While the four-count complaint is not a model of pleading, as best as the court can determine the plaintiff challenges his 1994 sexual assault conviction due to various infirmities in the Illinois Constitution. Without addressing the merits of plaintiff's individual claims, each contains a fundamental flaw in that the plaintiff asks this court for injunctive relief that would have the effect of invalidating his conviction. Such relief would require this court to review the state-court judgment in his case, and would run afoul of the Rooker-Feldman doctrine. See Exxon Mobil Corp. v. Saudi Basic Indus. Corp., 544 U.S. 280, 283-84 (2005); Dist. of Columbia Ct. of Appeals v. Feldman, 460 U.S. 462, 482-83 (1983); Rooker v. Fidelity Trust Co., 263 U.S. 413, 415-16 (1923). Under Rooker-Feldman, the lower federal courts lack jurisdiction to review state court judgments, except in certain limited circumstances, including when a petitioner seeks habeas relief pursuant to 28 U.S.C. § 2254. See Nelson v. Campbell, 541 U.S. 637, 643 (2004) (claims for injunctive relief challenging a state conviction "fall within the core' of habeas corpus and are thus not cognizable when brought pursuant to § 1983"); Sides v. City of Champaign, 496 F.3d 820, (7th Cir. 2007) ("We are not authorized to afford relief where a party in effect seeks to take an appeal of an unfavorable state-court decision to a lower federal court.'"); Hadley v.
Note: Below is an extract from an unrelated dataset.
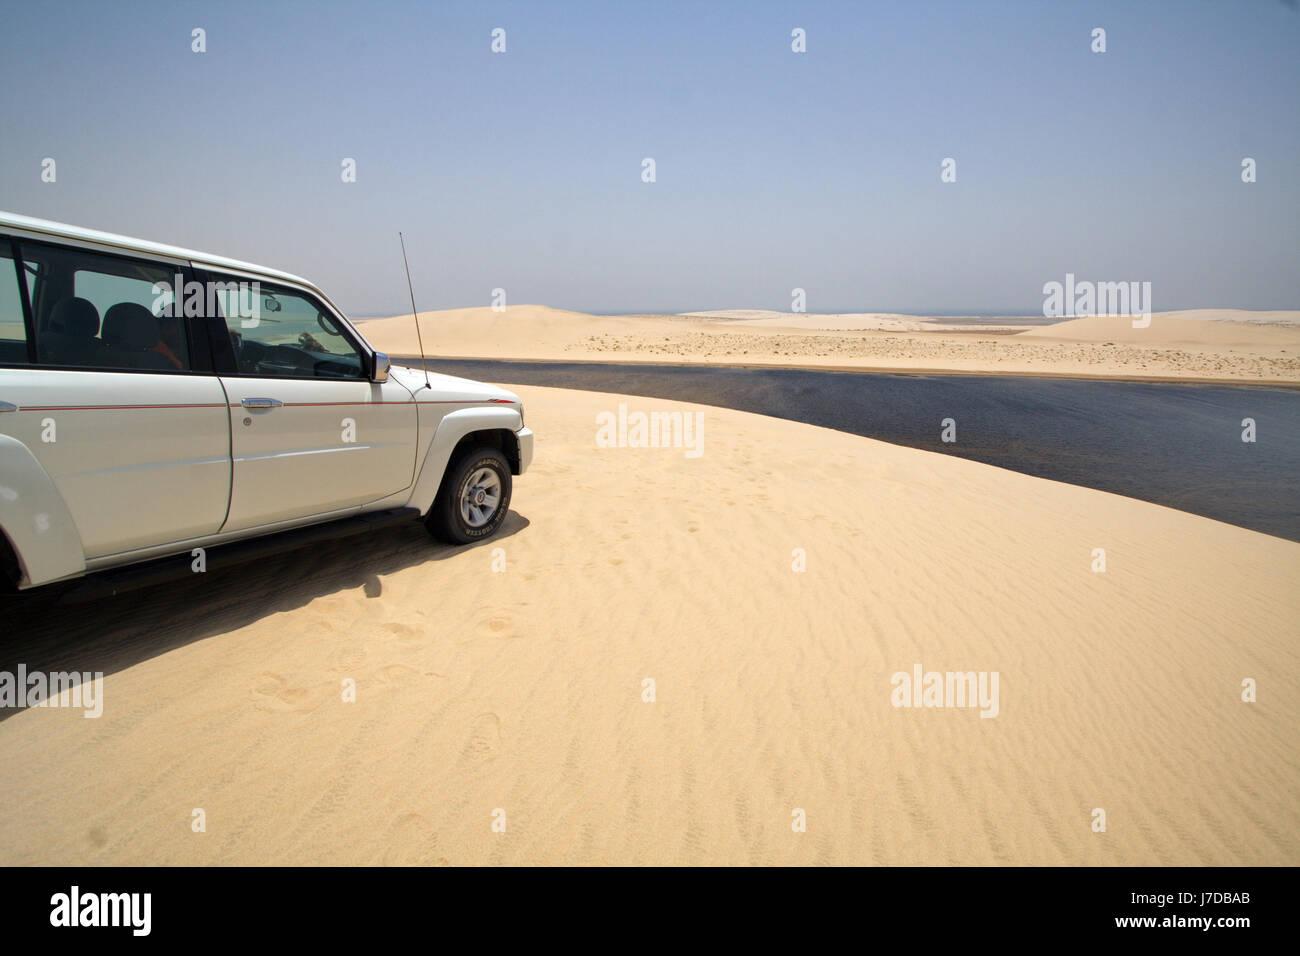 Khor Al Udaid (Inland Sea), Qatar - Stock Image

Quinn, 524 Fed.App'x 290, 293 (7th Cir. 2013) (holding that plaintiff's claim that he had been incarcerated on an invalid conviction was barred by Rooker-Feldman where the plaintiff was no longer in custody on his conviction and could not seek habeas relief). Moreover, § 2254 relief is unavailable to plaintiff both because he is no longer in custody on his sexual assault conviction, see id., and because "[a] court cannot on its own convert a § 1983 suit to one under § 2254[.]" Lacy v. Indiana, 564 Fed.Appx. 844, 845 (7th Cir. May 7, 2014); see also Copus v. City of Edgerton, 96 F.3d 1038, 1039 (7th Cir. 1996). Thus, the court has no jurisdiction to grant the relief plaintiff seeks and his claims fail as a matter of law.[1]

For the foregoing reasons, this suit [1] is dismissed for failure to state a claim upon which relief may be granted. The plaintiff is warned that after Booker v. City of Rockford, No. 03 C 50066 (N.D. Ill.), and Booker v. Mitchell, 10-cv-312-DRH (S.D. Ill.), this is his third case in which the complaint has been dismissed as frivolous, malicious, or failing to state a claim. The plaintiff is warned that in the future, he may not file suit in federal court without prepaying the filing fee unless he is in imminent danger of serious physical injury. See 28 U.S.C. § 1915(g).

If the plaintiff wishes to appeal this dismissal, he may file a notice of appeal with this court within thirty days of the entry of judgment. Fed. R. App. P. 4(a)(1)(A). A motion for leave to appeal in forma pauperis should set forth the issues the plaintiff plans to present on appeal. See Fed. R. App. P. 24(a)(1)(C). If the plaintiff does choose to appeal, he will be liable for the $505 appellate filing fee irrespective of the outcome of the appeal. Evans v. Illinois Dept. of Corrections, 150 F.3d 810, 812 (7th Cir. 1998). Furthermore, if the appeal is found to be non-meritorious, the plaintiff may also accumulate another "strike."